Peking — Duck!!
I just got done jawboning with an old friend up north, Java Jeff, who told me a little about a capitalist venture he’d had in China. He’d agreed to build what was the largest coffee enterprise in the world with their government. Yah … bigger than Starbucks. Think about that for a South End minute.
About the time they were ready to Launch, he gets notice the good Chinese are filing a securities fraud suit against him. You know, just prior to putting the corporation on the Shanghai Stock Exchange. Java Jeff, who had bet practically everything he owned on this deal, hired some high powered international attorneys to defend himself. After plenty of ‘billable’ hours, they basically advised him to get ready for bankruptcy. You know, after they got paid. Shortly before the stock debut, the Maoists offered him a plea bargain: drop his 5% interest in the company and they would drop their interest in prosecuting him. His lawyers advised him to take the deal and walk away. How do you beat the Chinese government in a courtroom on their turf on trumped up charges?
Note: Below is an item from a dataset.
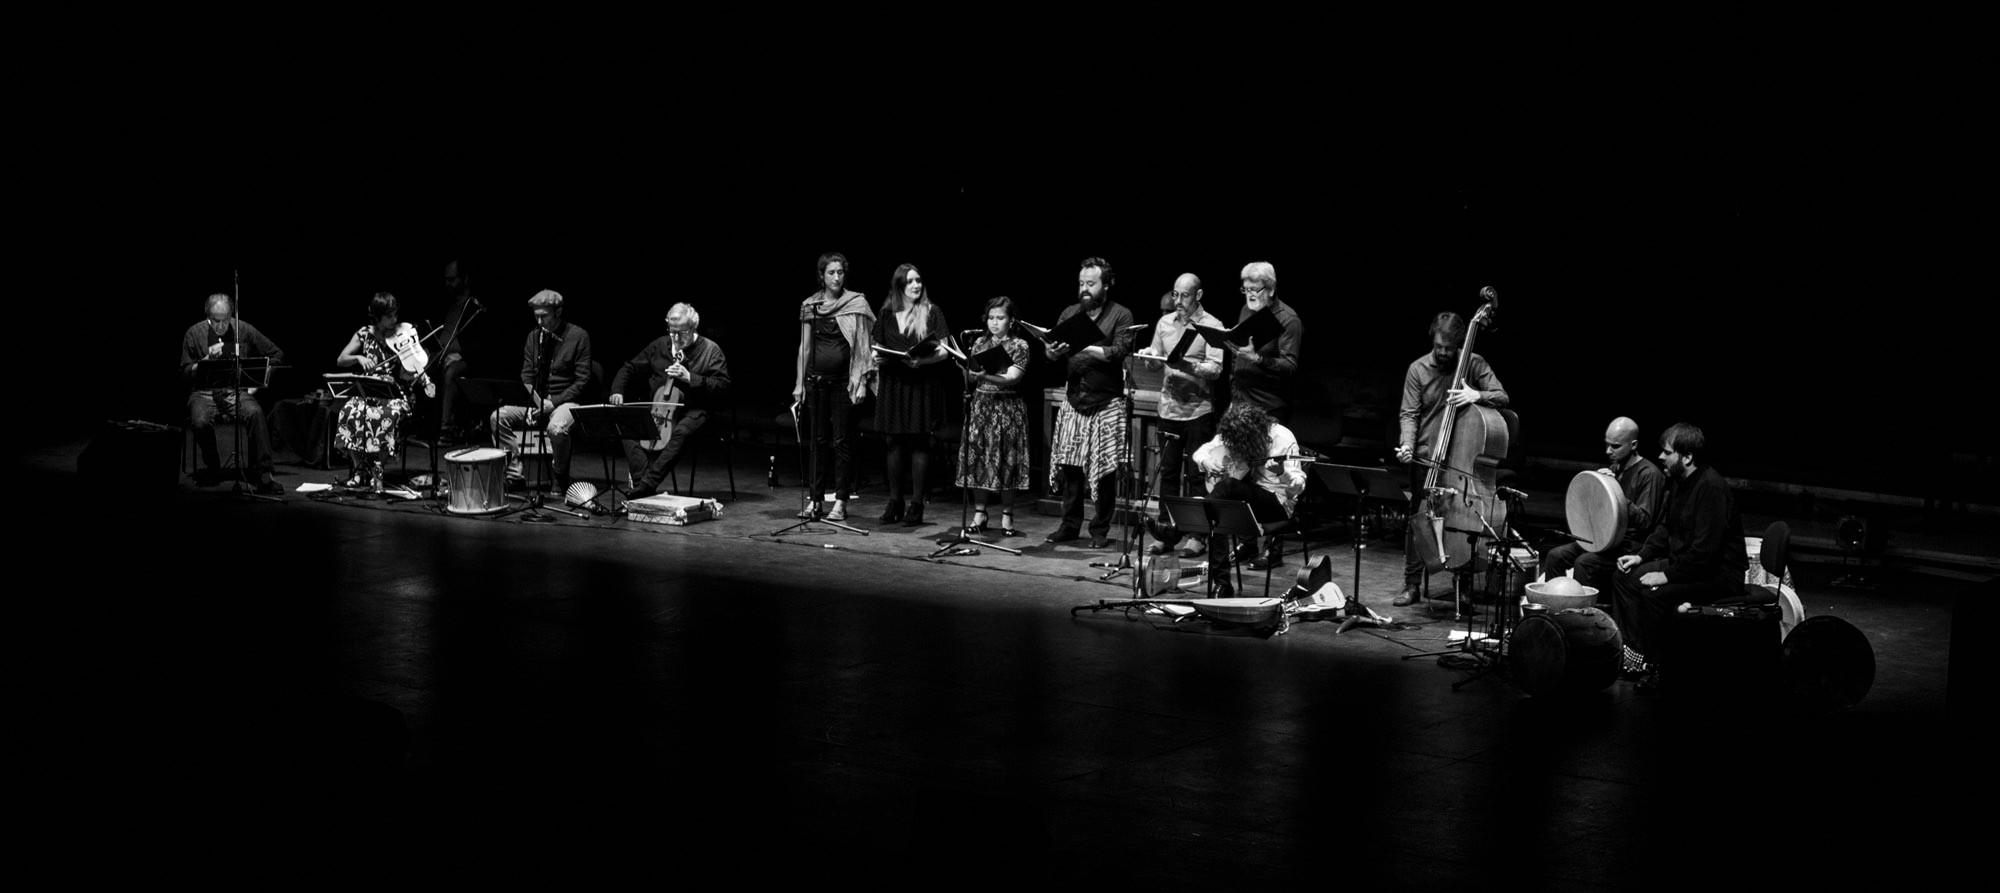 Auditorio Kursaal | Donostia/San Sebastián

Java Jeff could see the pictographs on the wall, all right, all those years and that investment stolen from him and nothing he could do. So he signed away his 5% and sure enough, the company made $15 billion when it opened first day on Shanghai’s exchange. Anyway you cut it, Jeff lost a lot of yuan.
I’m not thinking of expanding my glass empire to China anymore, that’s for sure. Hard enough dealing with architects here in America who see me basically as a Graffiti Artist who needs police intervention and remedial treatment. But I feel bad for Java Jeff. As he said, justice isn’t a word some places believe in. Not in their jungle. And capitalism isn’t necessarily a panacea for the world’s ills, is what I say. Jeff will be all right. He knows he built the biggest coffee conglomerate on earth. Now — at least I’m betting — he hopes they’ll gag on it.
And those stories about the Premier cleaning up corruption … tell it to the gullible.